Saturday, February 23, 2008

My Oscar Predictions: No Country for Old Men to Dominate

Okay, I'll make a few.

Best Picture: The Coen brothers' No Country for Old Men, adapted from the Cormac McCarthy novel, is a tense, artfully plotted, beautifully photographed thriller that uses a frightening chase across Western landscapes to make a statement or two about (depraved) human nature. Yeah, bleak and all, but a real cinematic achievement, including a trio of top-rank performances. It should and will win.

Best Director: Let's call it for the Coen Brothers (No Country). Has this award ever gone to two people? Siblings?

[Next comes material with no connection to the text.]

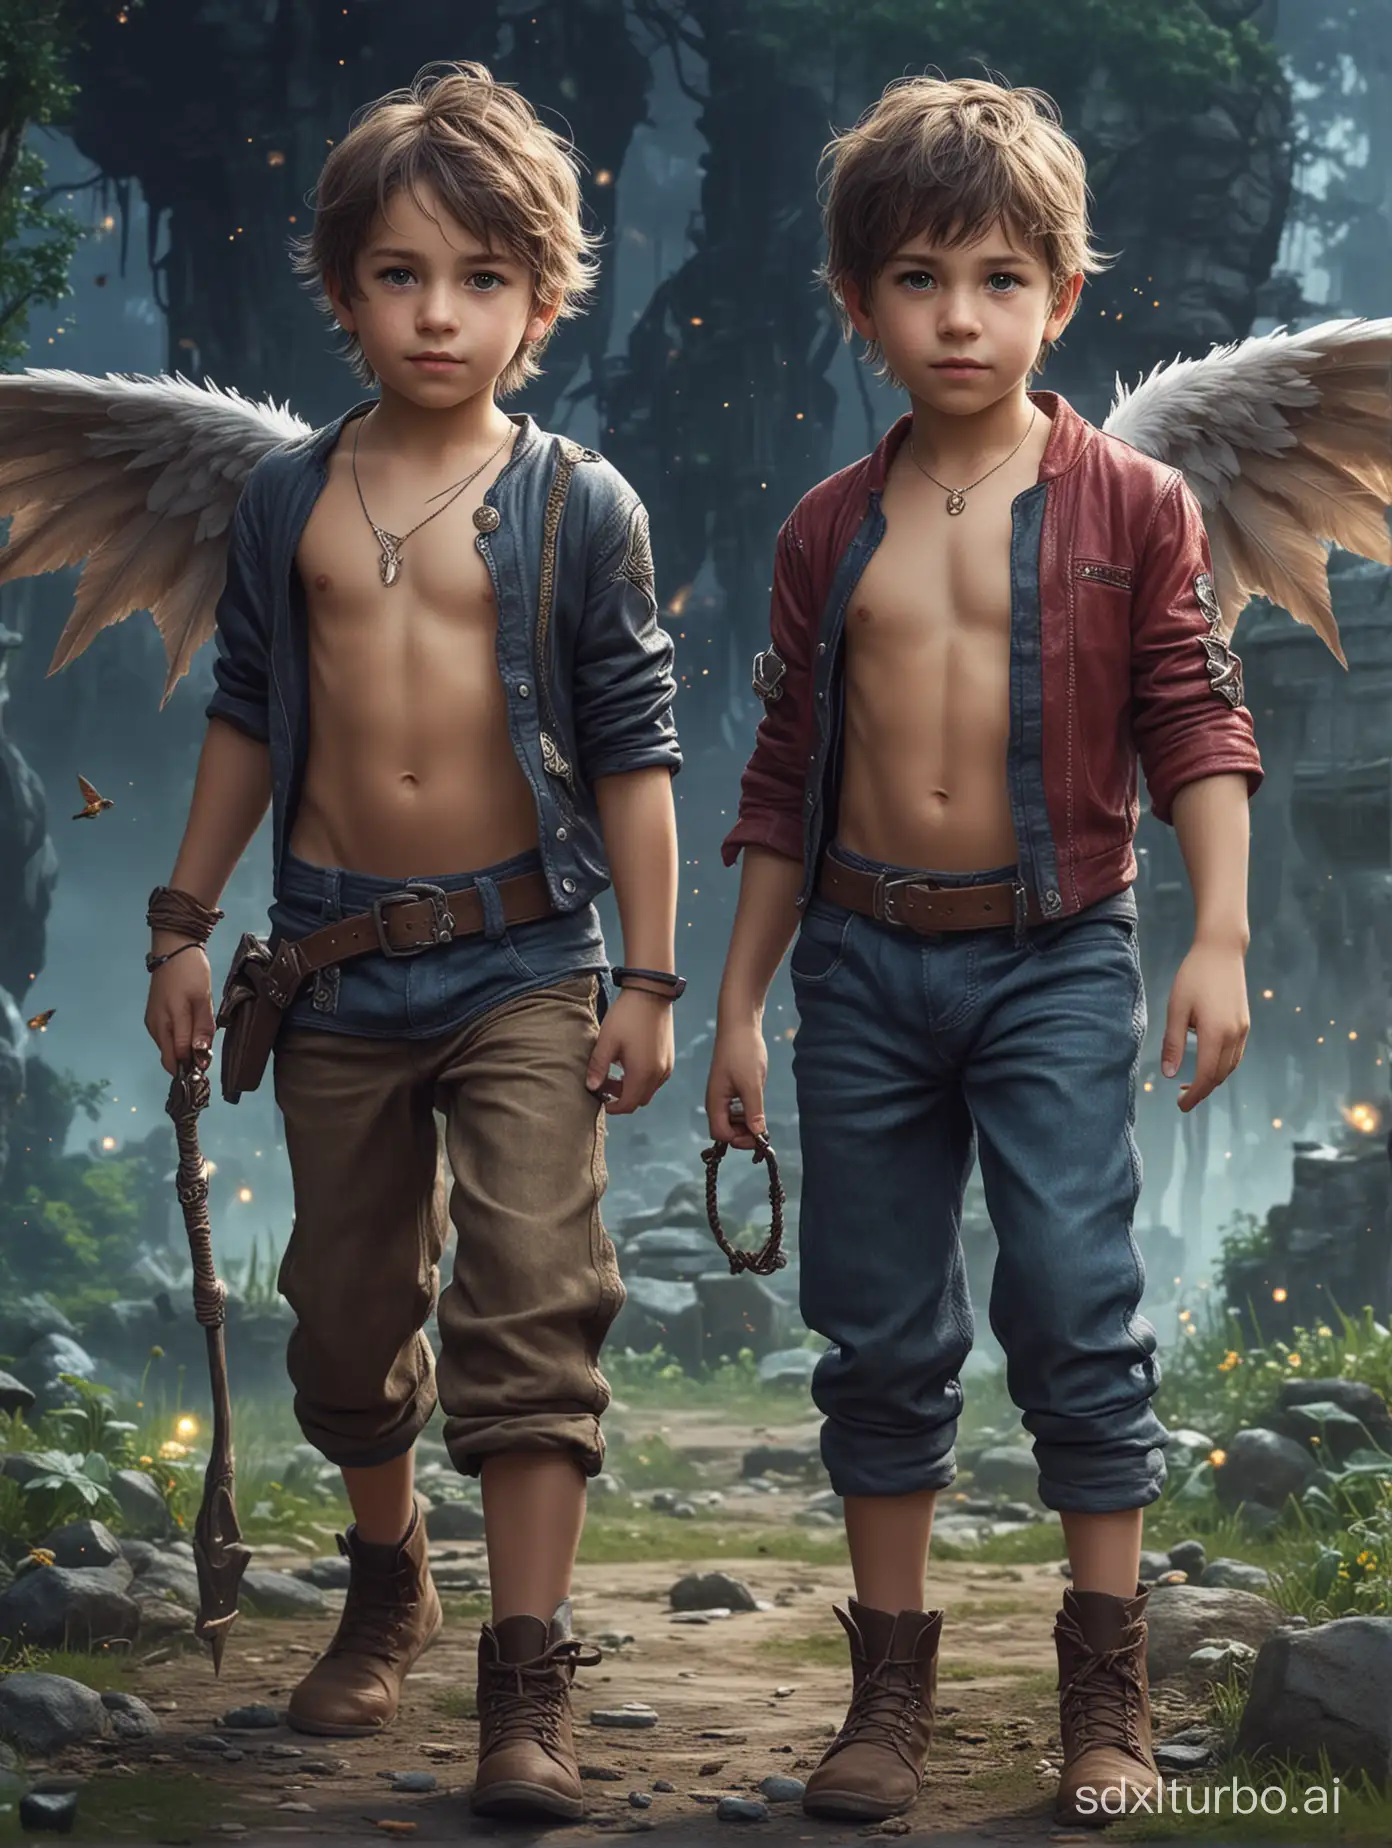 Young-Boys-Embracing-Magic-in-an-Enchanted-Forest

Best actor: Daniel Day-Lewis is fierce and wholly absorbed into his role as brutal oil baron Daniel Plainview in There Will Be Blood. In a year of strong male performances, his is the best. I'm thinking that the Academy will feel the same.

Best actress: Julie Christie (Away From Her) has been the talk of the awards shows for several months running, and here's betting that she'll win. Second-most-likely: Marion Cotillard, as Edith Piaf in La Vie en Rose.

Best supporting actor: If there's any justice in the world ... Javier Bardem, as one of the scariest movie villains EVER, in No Country for Old Men. I'm predicting that there will be justice in the world, at least on Sunday night. This is a very strong category, too, as Tom Wilkinson (Michael Clayton), Casey Affleck (The Assassination of Jesse James ...) and Hal Holbrook (Into the Wild) all turn in superb performances. I didn't see Philip Seymour Hoffman in Charlie Wilson's War, but he excels in Before the Devil Knows You're Dead and The Savages.

Best supporting actress: Amy Ryan does bone-deep work as the world's worst mom in Gone Baby Gone, but I'm guessing that the too-long-overlooked Ruby Dee will win for American Gangster (for sentimental reasons - she has very little screen time).

Original Screenplay: Diablo Cody for creating the snappy, very funny and finally poignant dialogue in Juno, this year's Little Film That Could. The film has received a swell of recent attention, so it makes sense that the Academy will want to give it at least one major award (since it's unlikely to win in the categories of best picture or best actress)

Adapted screenplay: When the Coens meet McCarthy, genius happens, and No Country for Old Men will win again (I think).